I tried to figure this out by testing the example with the implementation of Lucid-Synchrone available on the web [2].  Actually, it behaves differently from what the paper says.  For instance, if we try to define function flip as above, the compiler says:

    "This expression has clock 'c but is used with clock (__c1:'d)"

It refuses to consider the assumption 'c as a sampled clock (__c1:'d) generated by the when operator. Shouldn't it infer (__c1:'d) instead ? However, if we add a clock declaration to do that: 

    let node sample (x, clock y) = x when y
    let node yes (x) = sample (x, true)
    let node no (x) = sample (x, false)
    let node yesandno (x) = yes x & no x

then the compiler replies:

    # lucyc -i yesandno.ls 
    val sample : 'a * bool => 'a
    val sample :: 'a * 'a -> 'a on ?_y0
    val yes : 'a => 'a
    val yes :: 'a -> 'a on ?_y0
    val no : 'a => 'a
    val no :: 'a -> 'a on ?_y0
    val yesandno : bool => bool
    val yesandno :: 'a -> 'a on ?_y0

and produces a Caml program. But there are so many clocks in it that I can't really figure out what it does. Instead, I looked as the user manual [1] to determine which of [2] or [3] to focus on. Concerning instantiation, page 67, it says something different:

    "The clock (carrier-clock : stream-clock) of a stream e means that e has value carrier-clock which has the stream clock stream-clock. The value may be either a global value (defined at top-level) or an identifier. This identifier is unique and is an abstraction of the actual value of e."

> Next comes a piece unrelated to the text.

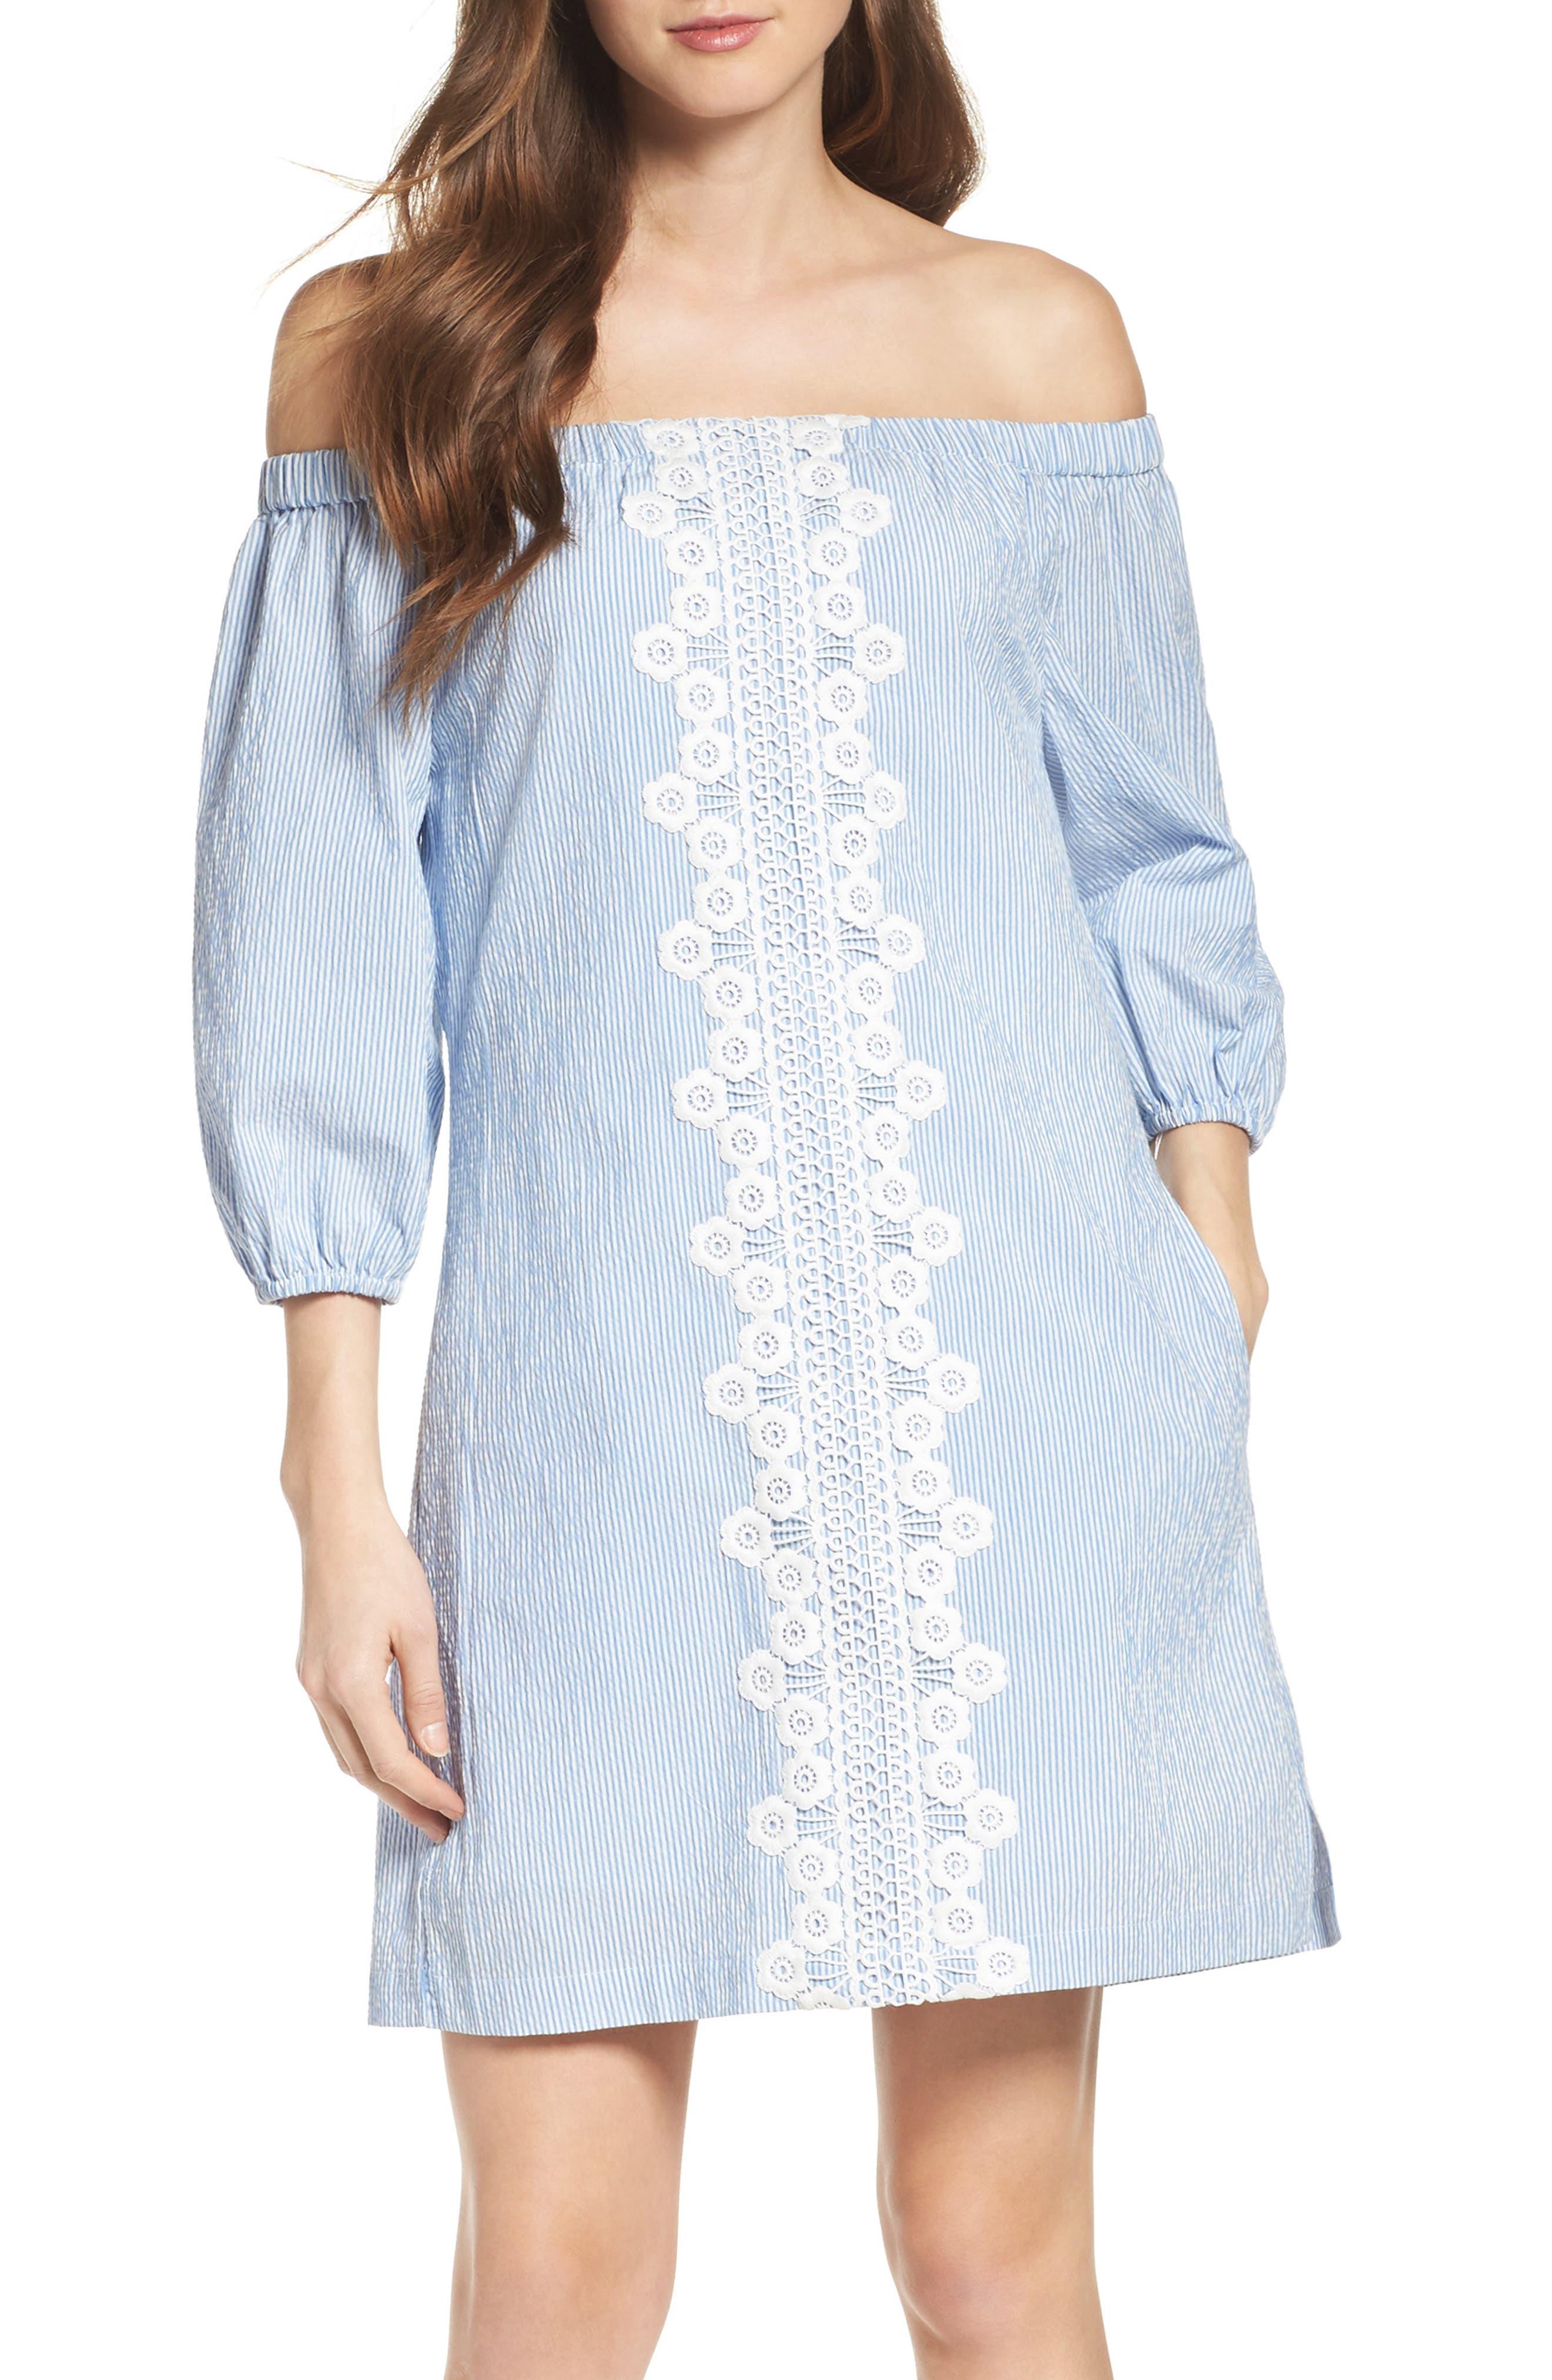 Alternate Image 1 Selected - Eliza J Lace Trim Seersucker Off the Shoulder Dress (Regular & Petite)

I don't understand how this uniqueness rule is specified in the paper [3] and, more generally, how it relates to type polymorphism.  Doesn't it instead refer to existential quantification ?  Also, in which cases does it apply in the implementation ?

In the end, I'm a bit confused and wonder whether polymorphism matters at all.  As long as one is not using streams of functions, doesn't a simple sub-typing rule suffice (to handle a base clock and samples "c on x") ? 

REFERENCES

[1] Marc Pouzet. Lucid Synchrone Release, version 3.0. Tutorial and Reference Manual. April 2006.

[2] Lucid-Synchrone v3.0b byte-code. URL http://www.di.ens.fr/~pouzet/lucid-synchrone/lucid-synchrone-3.0b.byte.tar.gz (md5 87ffdb559ad882a0d92a1213466c2a3c)

[3] Jean-Louis Colaço, Alain Girault, Grégoire Hamon, and Marc Pouzet. Towards a Higher-order Synchronous Data-flow Language. In ACM Fourth International Conference on Embedded Software (EMSOFT'04), Pisa, Italy, september 2004.